_Exercise material_
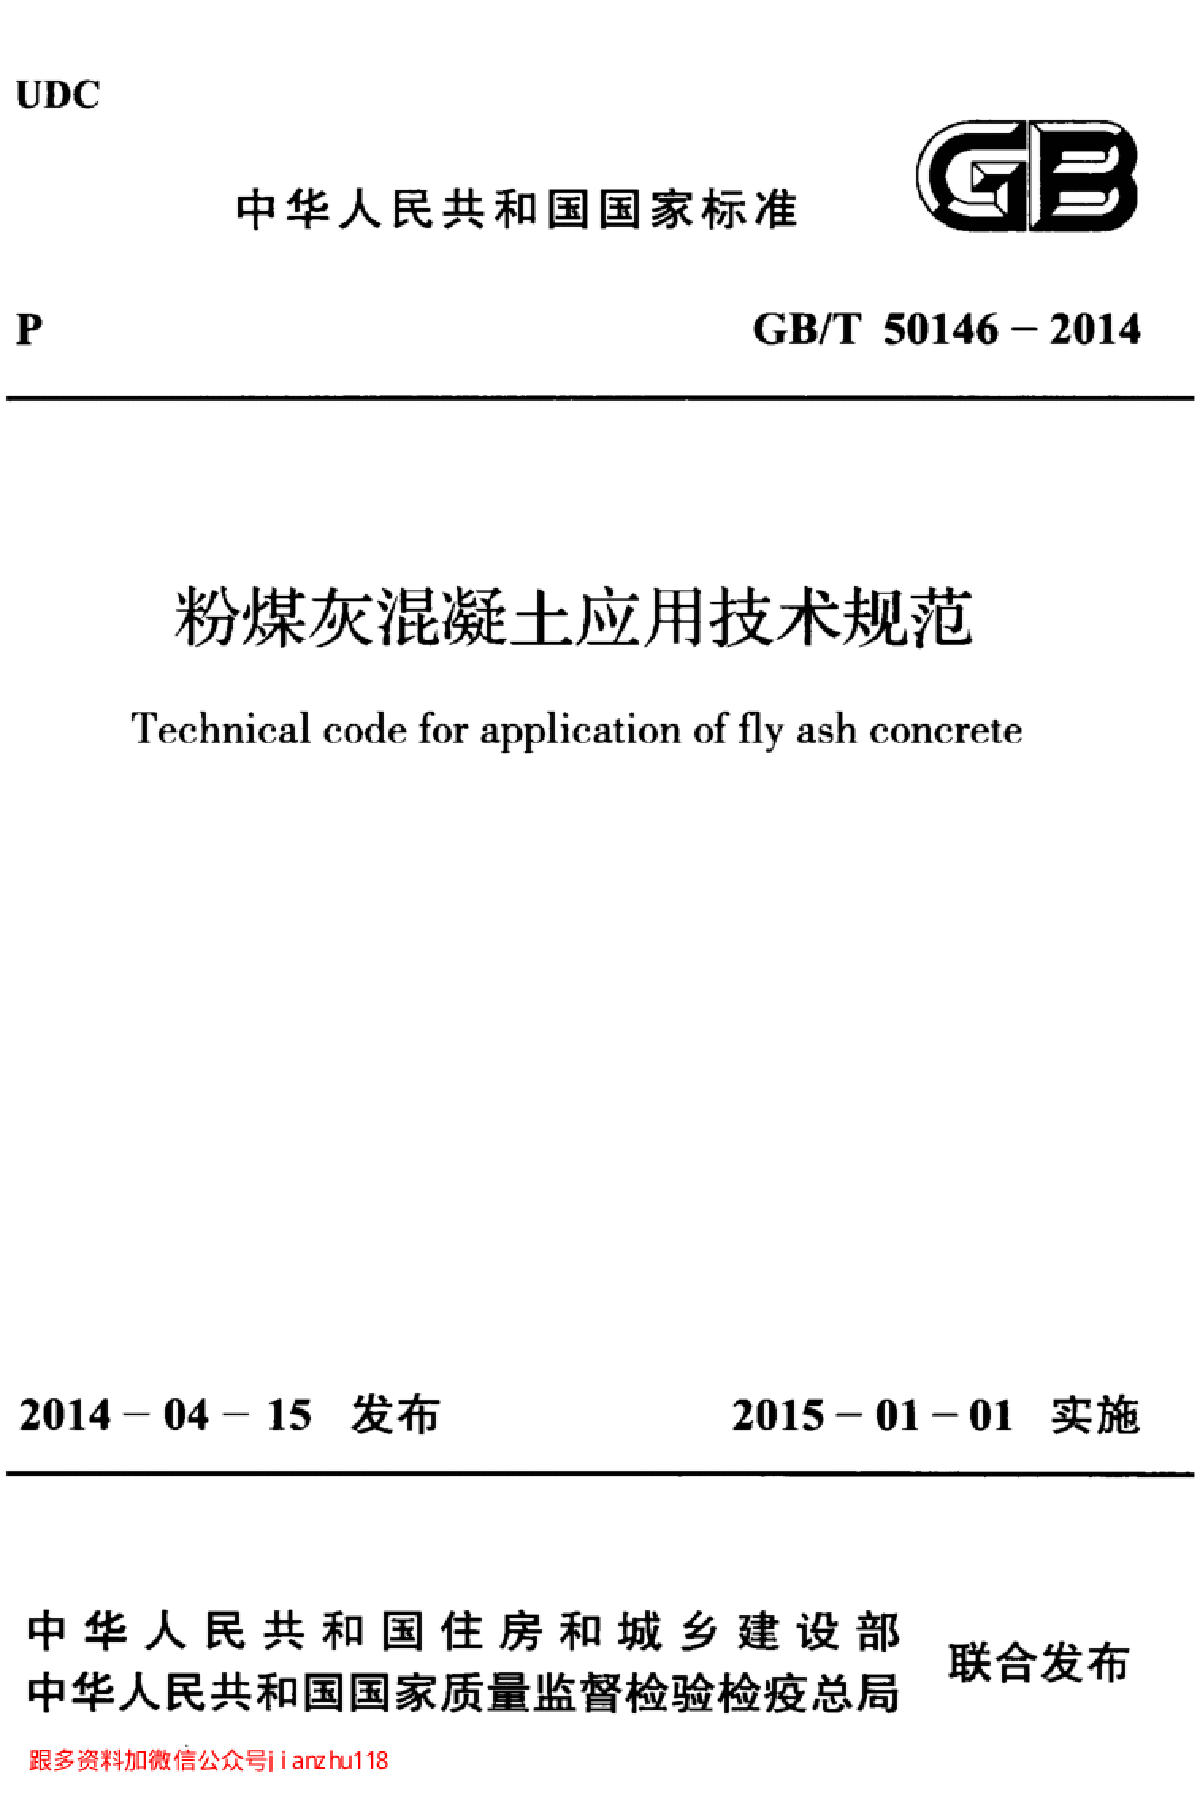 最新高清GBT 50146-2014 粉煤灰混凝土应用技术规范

==

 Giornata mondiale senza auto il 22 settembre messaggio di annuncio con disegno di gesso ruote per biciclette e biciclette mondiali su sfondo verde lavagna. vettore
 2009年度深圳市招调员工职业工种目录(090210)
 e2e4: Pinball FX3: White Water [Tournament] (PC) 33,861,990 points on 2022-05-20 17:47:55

_Assignment_
Where the listing above has a line with "2009年度深圳市招调员工职业工种目录(090210)", start there, and output every line exactly through the line with "e2e4: Pinball FX3: White", which is also included.

_Task answer_
 2009年度深圳市招调员工职业工种目录(090210)
 e2e4: Pinball FX3: White Water [Tournament] (PC) 33,861,990 points on 2022-05-20 17:47:55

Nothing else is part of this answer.